When is clustering bad?

Clustering does not work well for all tables. For instance, clustering is inadvisable in the following three scenarios:
  1. Frequent updates of the cluster key-Remember that data is stored in a data block based on the value of the cluster key. If a user updates that value, the actual data row will have to be moved to a different data block, which is more resource intensive than a simple in-place update of a non-clustered row.
  2. Data takes up more than one or two blocks-The big advantage of clusters comes from the ability to read a data block that contains all the rows for a particular value for the cluster key. However, the cluster is set up so that the cluster key points to the first data block for the cluster. If there are multiple data blocks for a value, and you are trying to retrieve a specific row that is in a later block, you will actually increase the number of database reads with a cluster. This is because Oracle has to read through the values for the cluster from the beginning.

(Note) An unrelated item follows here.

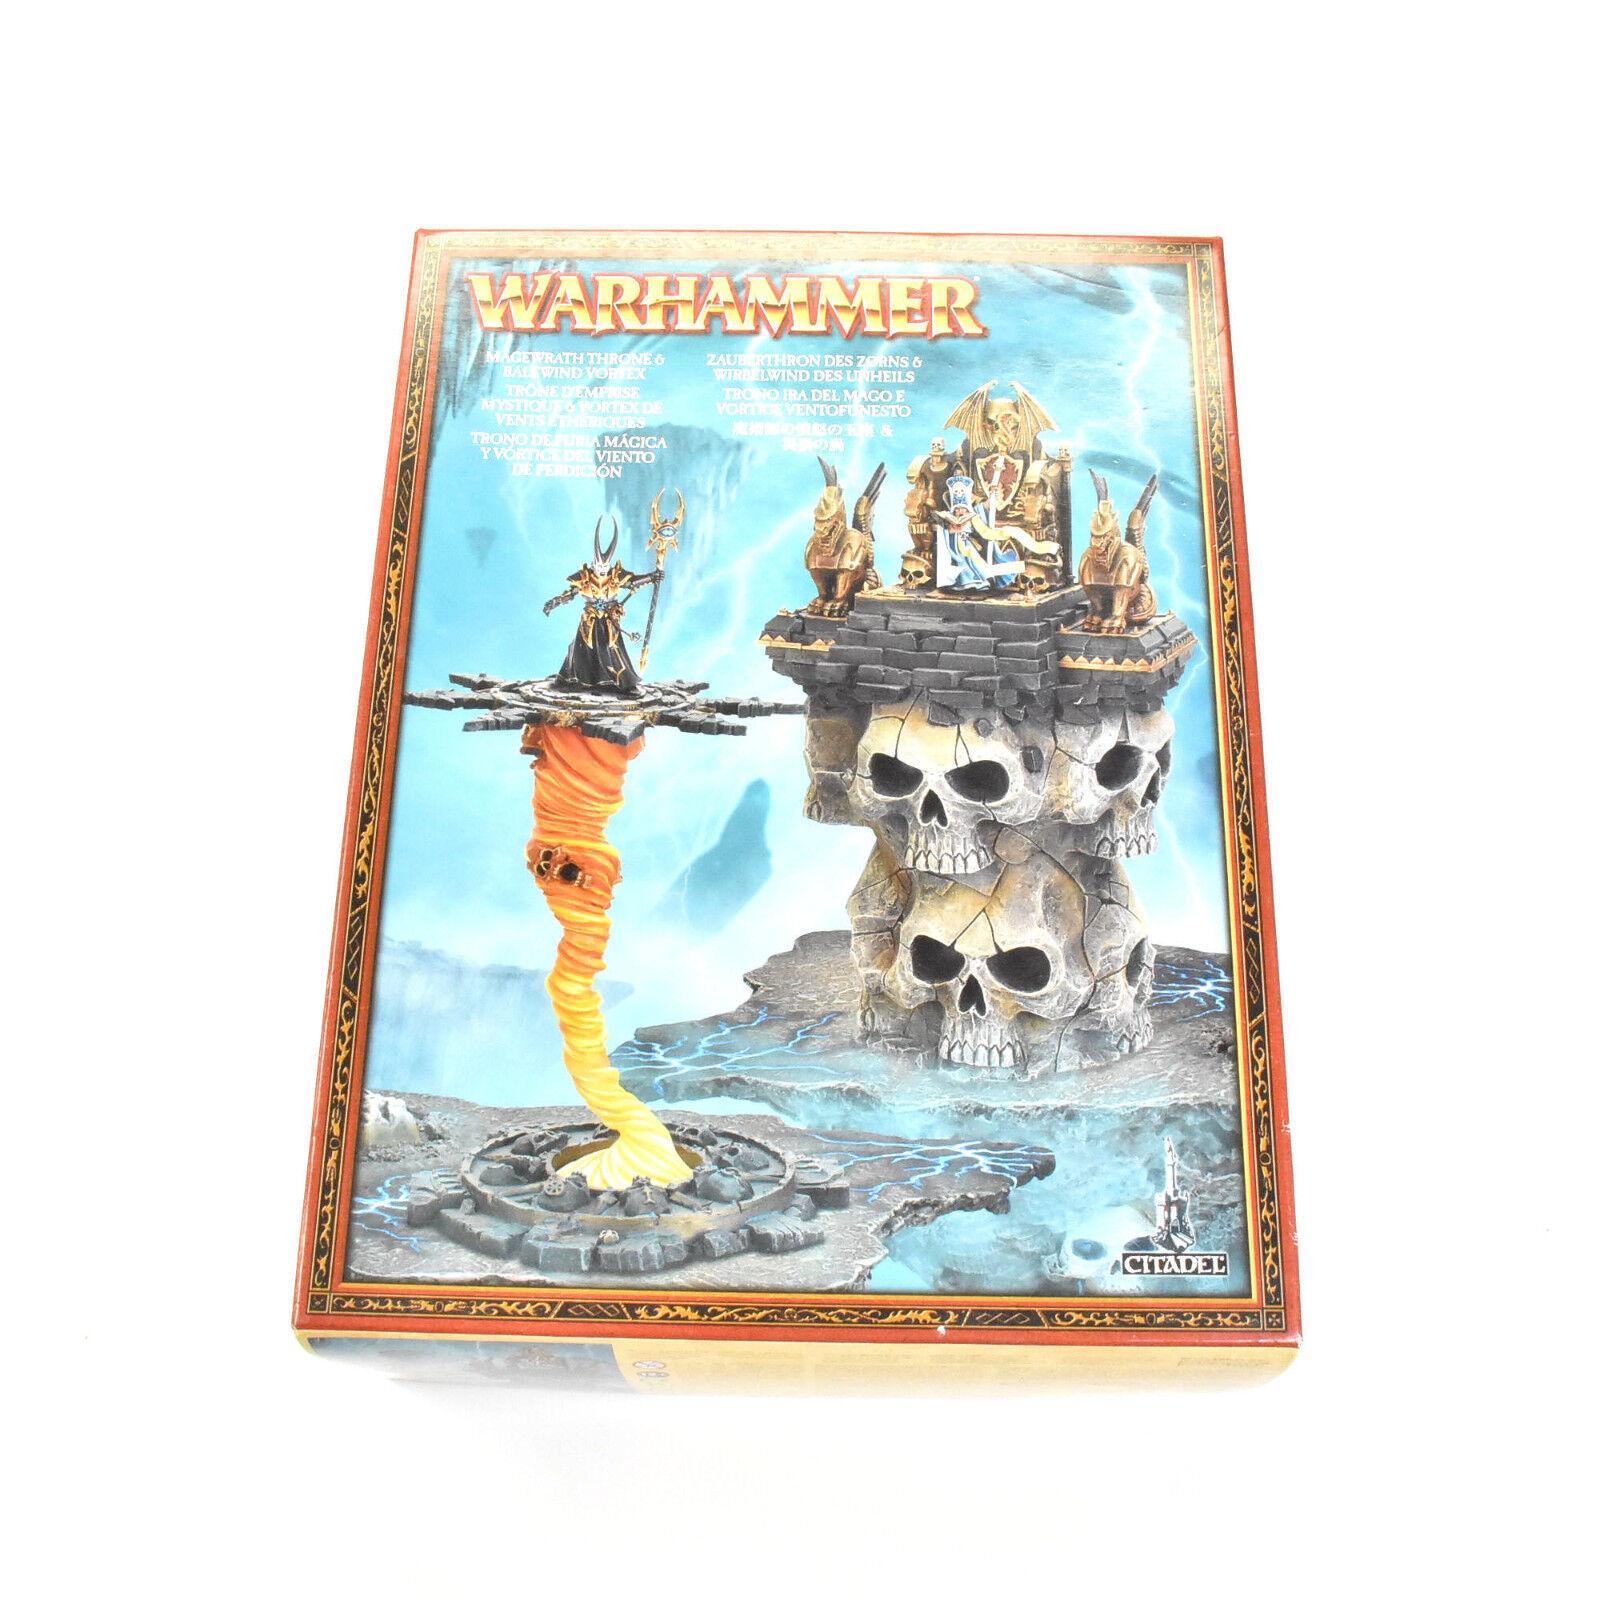 WARHAMMER FANTASY Storm of Magic Magewrath throne & balewind vortex scenery

  3. Frequent table scans required-In a cluster, the data is stored according to a value in the cluster key. Because you may have a cluster that includes data from more than one table, the overall size of the cluster will be the combined size of the data in all the tables in the cluster. This combination means that a table scan of a single table in the cluster will take longer, and possiblymuch longer, than scanning the data for a single table.

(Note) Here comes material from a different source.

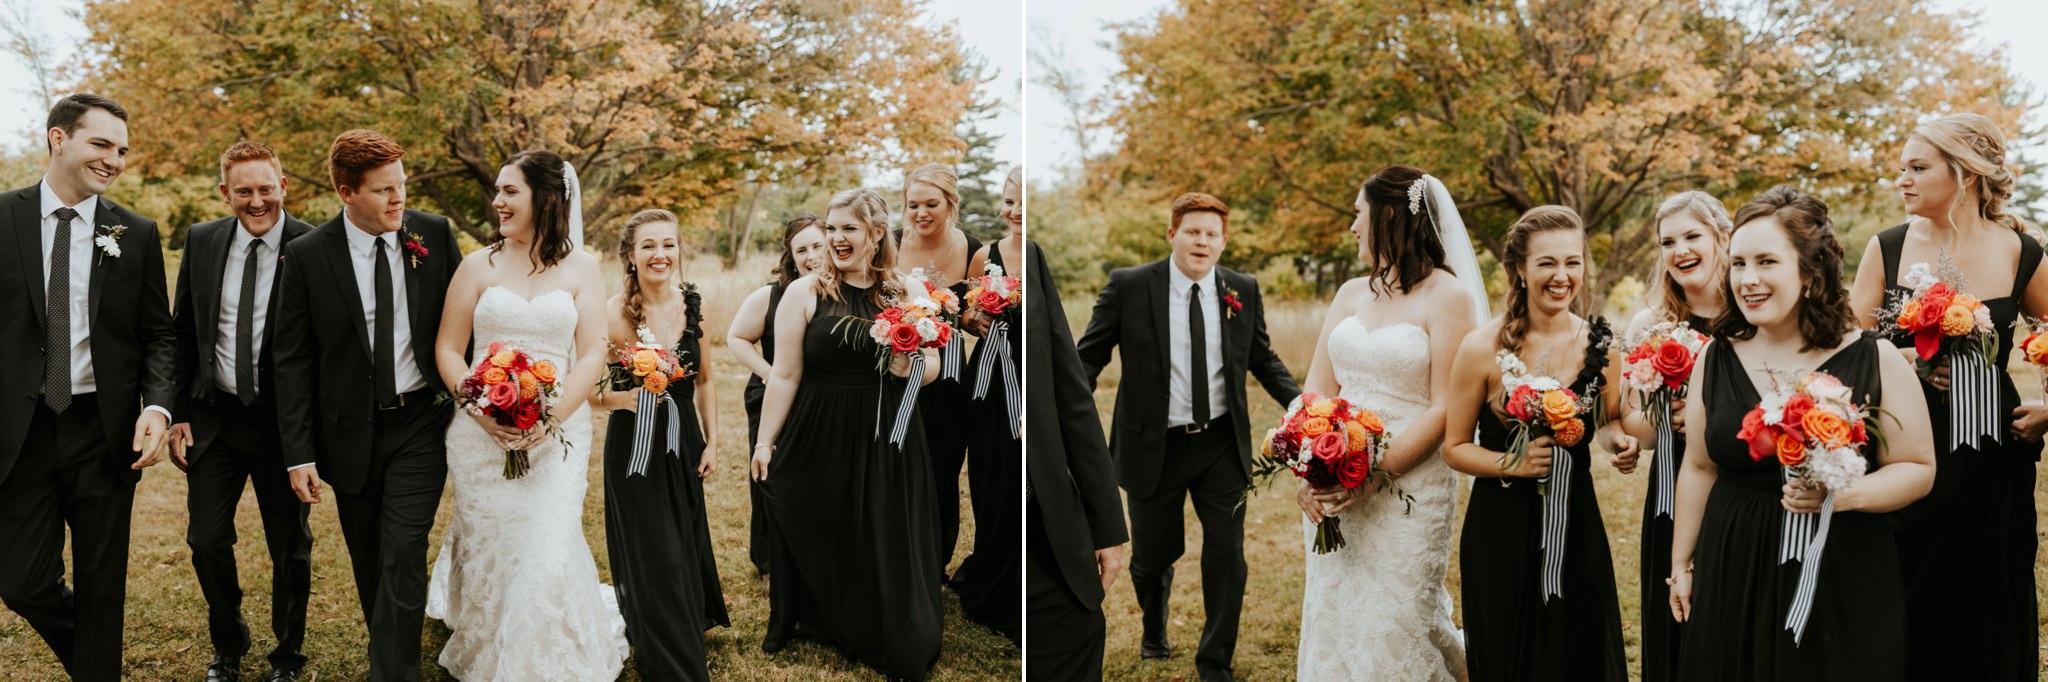 17-09-15 Lindsey and Brandon Wedding Edited-530_WEB.jpg

Database Clustering Architecture

To achieve horizontal scalability or scale-out of a database, multiple database servers are grouped together to form a cluster infrastructure. These servers are linked by a private interconnect network and work together as a single virtual server that is capable of handling large application workloads. This cluster can be easily expanded or shrunk by adding or removing servers from the cluster to adapt to the dynamics of the workload. This architecture is not limited by the maximum capacity of a single server, as the vertical scalability (scale-up) method is. There are two types of clustering architecture:
  1. Shared Nothing Architecture
  2. Shared Everything Architecture
The shared nothing architecture is built on a group of independent servers with storage attached to each server. Each server carries a portion of the database. The workloads are also divided by this group of servers so that each server carries a predefined workload. Although this architecture can distribute the workloads among multiple servers, the distribution of the workloads and data among the servers is predefined. Adding or removing a single server would require a complete redesign and redeployment of the cluster. For those applications where each node only needs to access a part of the database, with very careful partitioning of the database and workloads, this shared nothing architecture may work. If the data partition is not completely in sync with the application workload distribution on the server nodes, some nodes may need to access data stored in other nodes. In this case, database performance will suffer.
Shared nothing architecture also does not work well with a large set of database applications such as OLTP (Online transaction processing), which need to access the entire database; this architecture will require frequent data redistribution across the nodes and will not work well. Shared nothing also does not provide high availability. Since each partition is dedicated to a piece of the data and workload which is not duplicated by any other server, each server can be a single point of failure. In case of the failure of any server, the data and workload cannot be failed over to other servers in the cluster.